On December 13, 2010, respondent sent petitioners a Letter 1058A, Final Notice of Intent to Levy and Notice of Your Right to a Hearing. Petitioners timely requested a collection due process hearing and, on December 7, 2011, the Appeals officer conducted a telephonic hearing with petitioners' representative. Petitioners requested abatement of the section 6651(a)(2) addition to tax and interest relating to 2009. On December 16, 2011, respondent sent petitioners notices of determination denying their requests for abatement of the section 6651(a)(2) addition to tax and interest relating to 2009. On January 10, 2012, petitioners, while residing in Arizona, timely filed a petition with the Court.
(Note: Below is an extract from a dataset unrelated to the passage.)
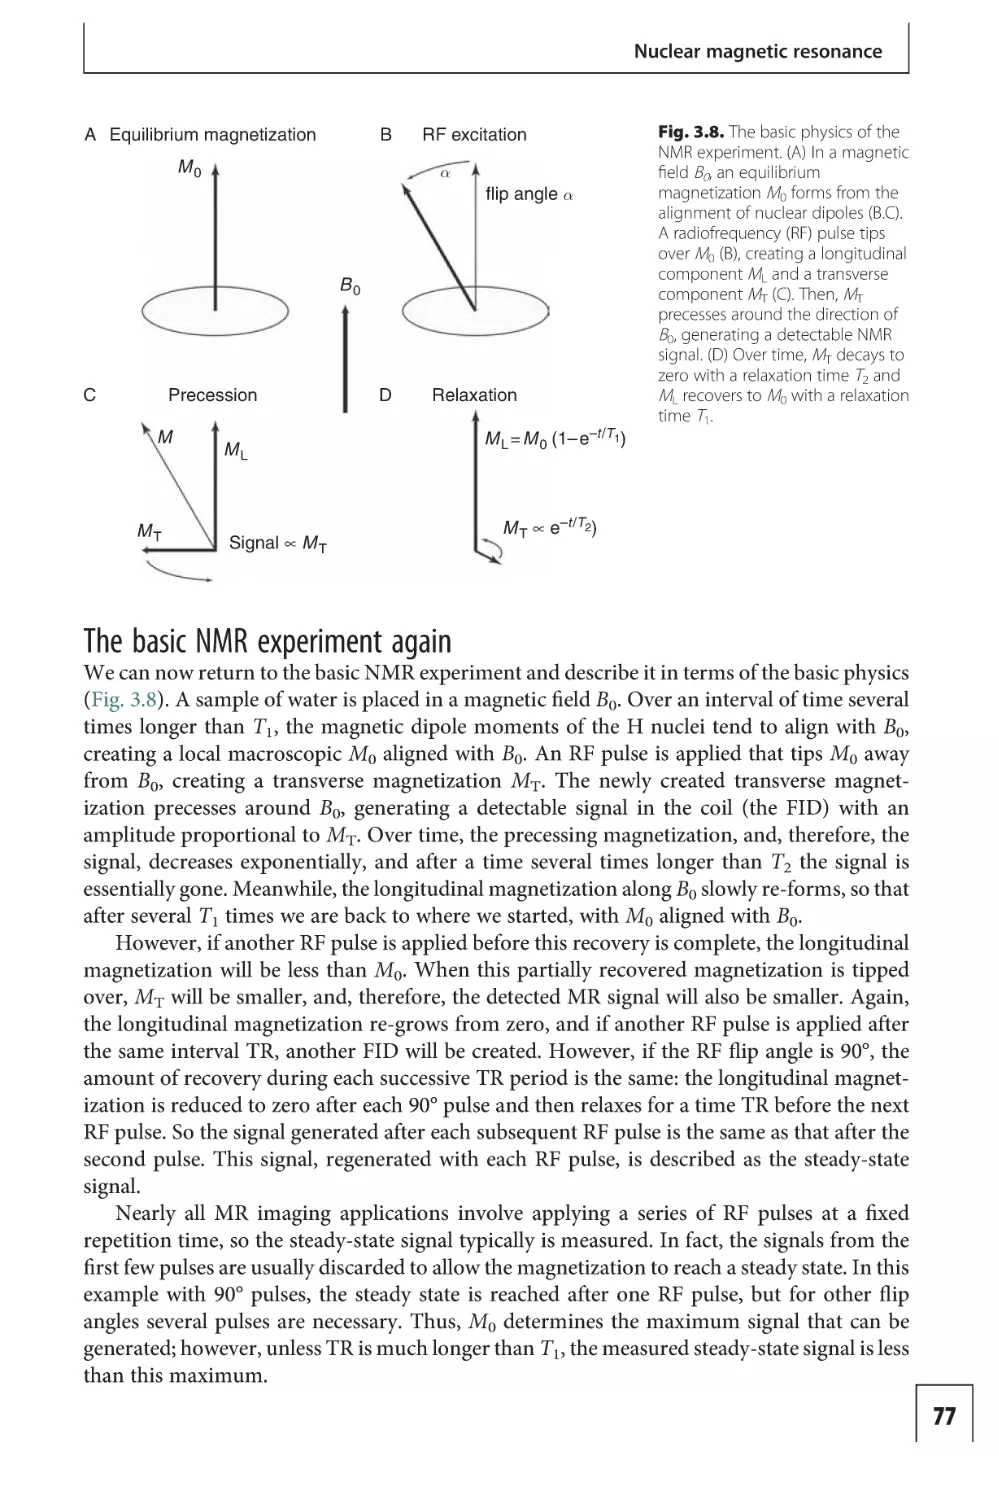 The basic NMR experiment again

Petitioners contend that they are entitled to interest abatement. We have jurisdiction to review the Commissioner's denial of a request for interest abatement if a taxpayer's net worth did not exceed $2 million at the time the petition was filed. See secs. 6404(h), 7430(c)(4)(A)(ii); 28 U.S.C. sec. 2412(d)(2)(B) (2006); Hinck v. United States, 550 U.S. 501, 503-505 (2007). Petitioners failed to establish that we have jurisdiction to review respondent's interest abatement denial. See Patz Trust v. Commissioner, 69 T.C. 497, 503 (1977) ("Petitioners have the burden of proving that this Court has jurisdiction."). At the time that petitioners filed their petition, Mr. Vercel owned 100,000 shares of FHW stock. Furthermore, petitioners concede that between 2009 and 2012, FHW reported distributions to Mr. Vercel of approximately $12 million. In addition, petitioners failed to introduce evidence relating to Mrs. Vercel's net worth. Accordingly, we do not have jurisdiction to review respondent's denial of petitioners' 2009 interest abatement requests. See sec. 6404(h); Hinck, 550 U.S. at 503-505; Patz Trust v. Commissioner, 69 T.C. at 503.
We review petitioners' underlying tax liability de novo because they did not receive a notice of deficiency or otherwise have an opportunity to dispute their tax liability. See sec. 6330(c)(2)(B); Montgomery v. Commissioner, 122 T.C. 1, 8-9 (2004); Sego v. Commissioner, 114 T.C. 604, 610 (2000). Petitioners concede that they self-reported, but failed to pay, their 2009 Federal income tax liability. Petitioners contend, however, that they are entitled to abatement of the section 6651(a)(2) addition to tax because they had reasonable cause for their failure to timely pay their 2009 tax liability. See Higbee v. Commissioner, 116 T.C. 438, 446 (2001) (holding that taxpayers bear the burden of proof relating to reasonable cause). At the end of 2009, petitioners had sufficient assets (i.e., their brokerage account and Mr. Vercel's 100,000 shares of FWH stock) to pay their tax liability. Petitioners contend that they were unable to timely pay their 2009 tax liability because they owned illiquid assets. The illiquidity of petitioners' assets, however, was a result of their voluntary investment decisions and does not provide a basis for their claim of reasonable cause for nonpayment of tax. See McLaine v. Commissioner, 138 T.C. 228, 247 (2012). In short, petitioners did not exercise ordinary business care and prudence, and their failure to pay was attributable to willful neglect. See id.; sec. 301.6651-1(c)(1), Proced. & Admin. Regs. Accordingly, petitioners are liable for the section 6651(a)(2) addition to tax relating to 2009.
Respondent bears, and has met, the burden of production relating to the sec. 6651(a)(2) addition to tax. See sec. 7491(c); Higbee v. Commissioner, 116 T.C. 438, 446 (2001).
Contentions we have not addressed are irrelevant, moot, or meritless.
To reflect the foregoing,
Decision will be entered under Rule 155.